Over several sessions, genital touch and then intercourse are gradually reintroduced. By that point, the association between sex and performance pressure has weakened enough that erections return more naturally. Many couples see results within a few weeks, though working with a sex therapist speeds the process.
Supplements That Have Some Evidence
L-arginine is the amino acid your body uses to manufacture nitric oxide, the key chemical behind erections. A meta-analysis of clinical trials found that arginine supplements at doses of 1,500 to 5,000 mg per day significantly improved erectile function compared to placebo. The effect was modest, not comparable to prescription medications, but measurable.

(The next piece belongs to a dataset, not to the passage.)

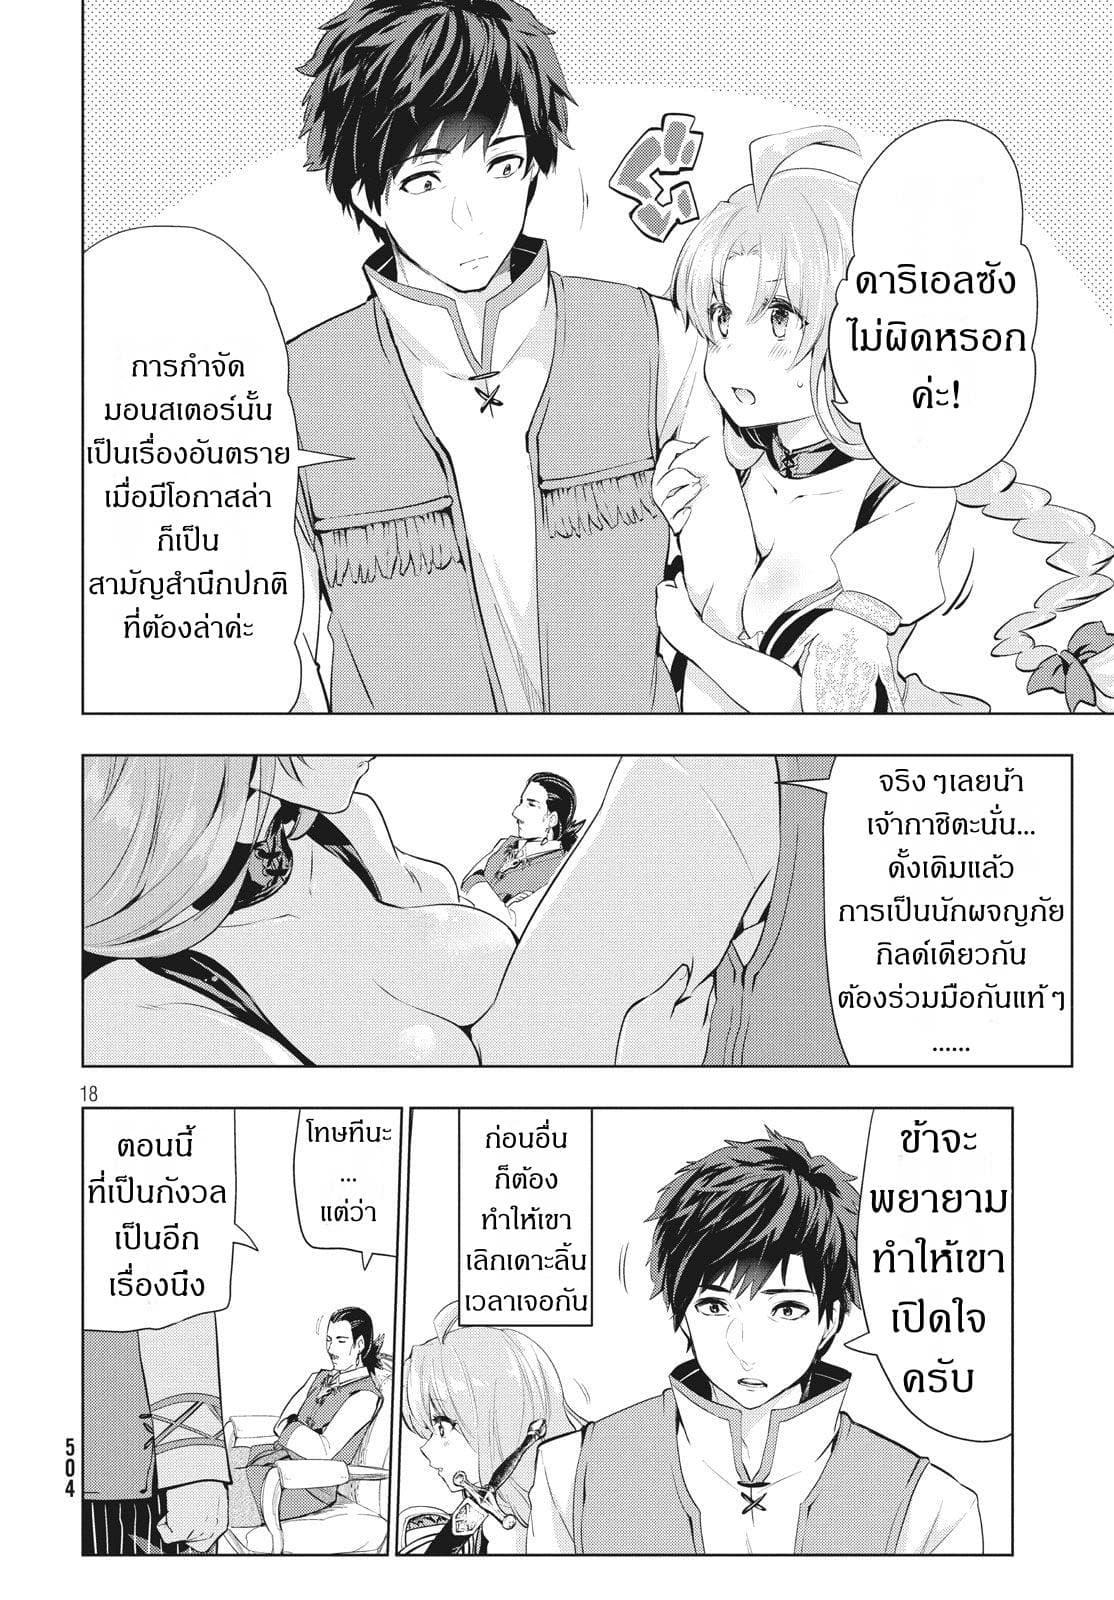 อ่านการ์ตูน Kaiko sareta Ankoku Heishi (30-dai) no Slow na Second ตอนที่ 3.4 หน้าที่ 4

L-citrulline, a related amino acid, converts to arginine in the body and may raise arginine levels more steadily than taking arginine directly. Neither supplement works quickly enough to “force” an erection in the moment. They’re more of a background strategy to support nitric oxide production over weeks of daily use. Quality and dosing vary widely between brands, and neither is regulated the way medications are.
When an Erection Won’t Go Away
Any method that produces an erection, whether mechanical, injectable, or pharmacological, carries a small risk of priapism: an erection lasting longer than four hours. This is a medical emergency. Prolonged restriction of blood flow causes the trapped blood to become oxygen-depleted, which damages the spongy tissue inside the penis. If untreated beyond 36 hours, the likelihood of permanent erectile dysfunction is high. If an erection persists past the four-hour mark and becomes painful, go to an emergency room.